One talent of Roxie’s that’s widened other people’s worlds is photography. She’s good with a camera and finds folk enjoy and cherish the photos she shares with them of their brandings or family events – always times they’re too busy to take pictures. “I say it’s my way of storing a memory or a moment, and I used to have camera in hand wherever I went,” she says.

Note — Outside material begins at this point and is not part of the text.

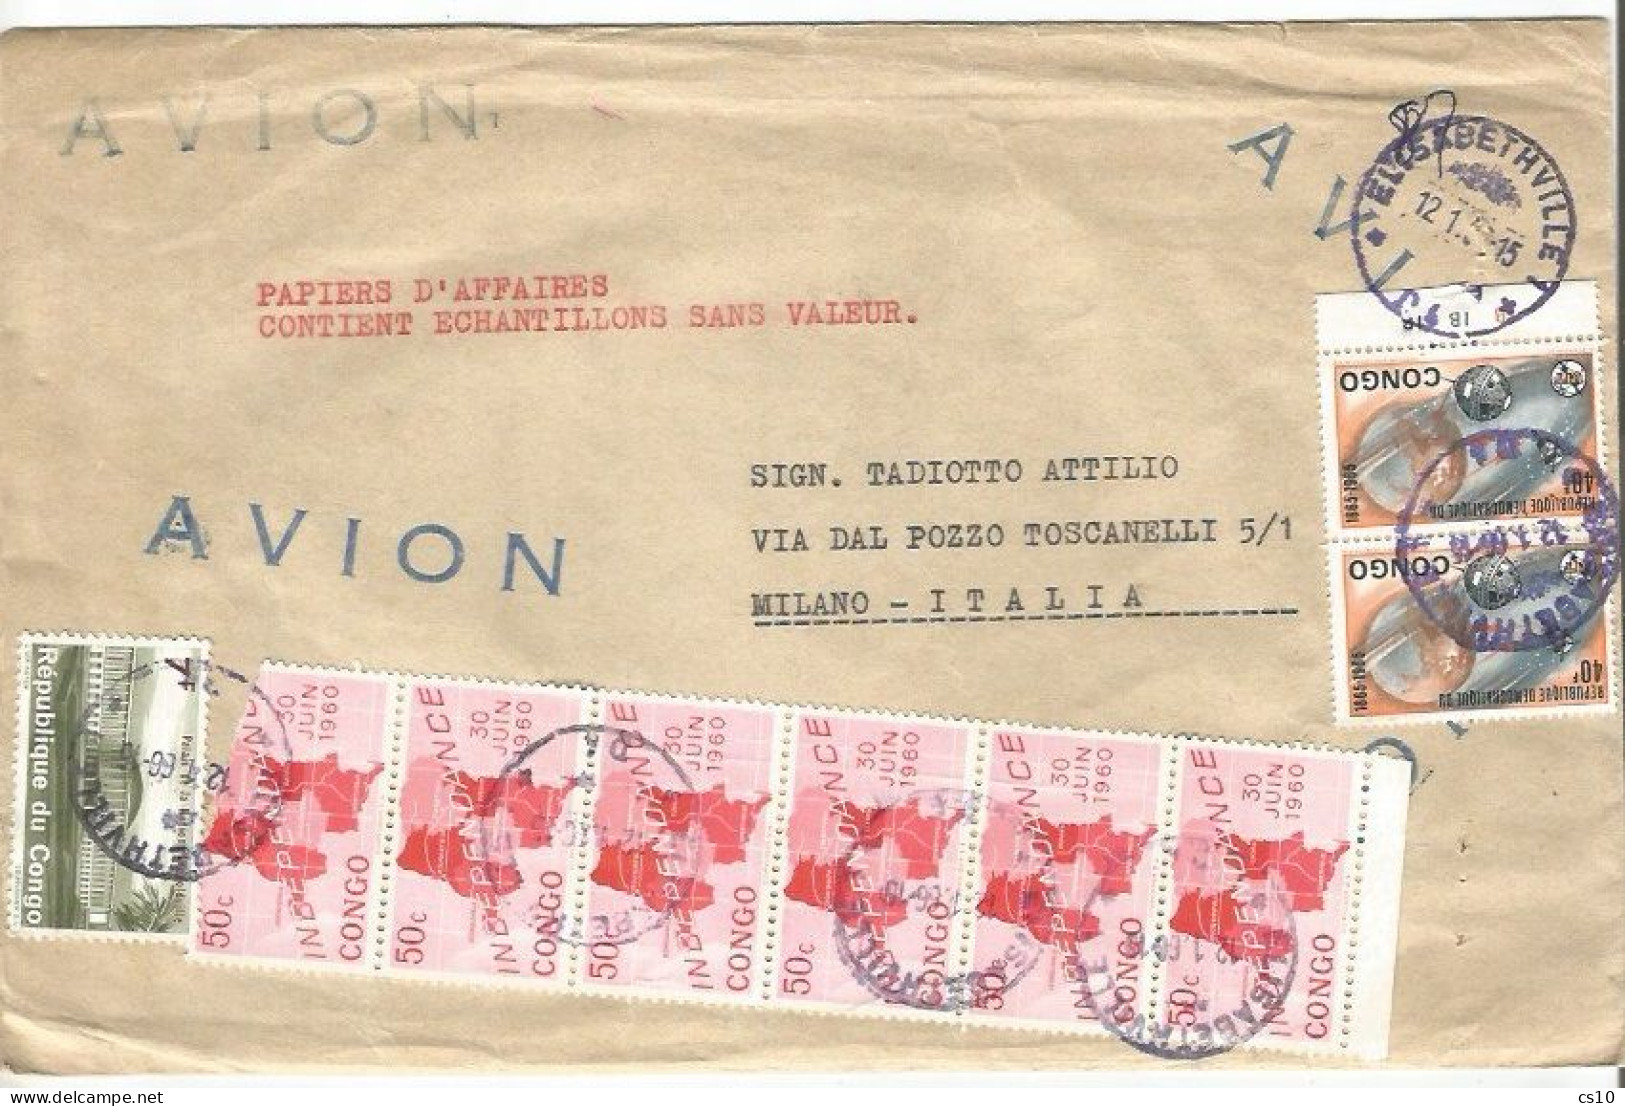 Congo Papier D'affaires Echantillons Sans Valeur Airmail Cover Elisabethville 12jan1966 X Italie Avec 9tps Tarif F.90 - Covers & Documents

Kenny became involved in R-CALF USA in the 1990s and has served as Chairman of the Animal I.D. Committee for them. The Foxes are also involved with the South Dakota Stockgrowers Association, where Kenny served as president from 2009 – 2011. He encourages ranchers to become more involved with others in advocacy groups that help educate the world and use the weight of numbers to push positive marketing and education programs. He noted increased membership in such groups when beef prices were at their lowest and says, “When prices get good people get involved in other pursuits. In this day and age, if you’re not active in an organization that promotes your business a lot, you are not employing good management skills.

“Consumers have way more votes than we have as producers, so they must be educated. They’re not aware that we have a lot of safeguards already built into our industry that protect the quality of our meat. We must continuously search for ways to promote ourselves and our product,” he says.

“The bottom line is, none of this would be possible without the good Lord’s help,” Kenny says. “My family and my wife’s family and our kids and grandkids are all part of it. It gives you a reason to get up in the morning and get after it.” Kenny says.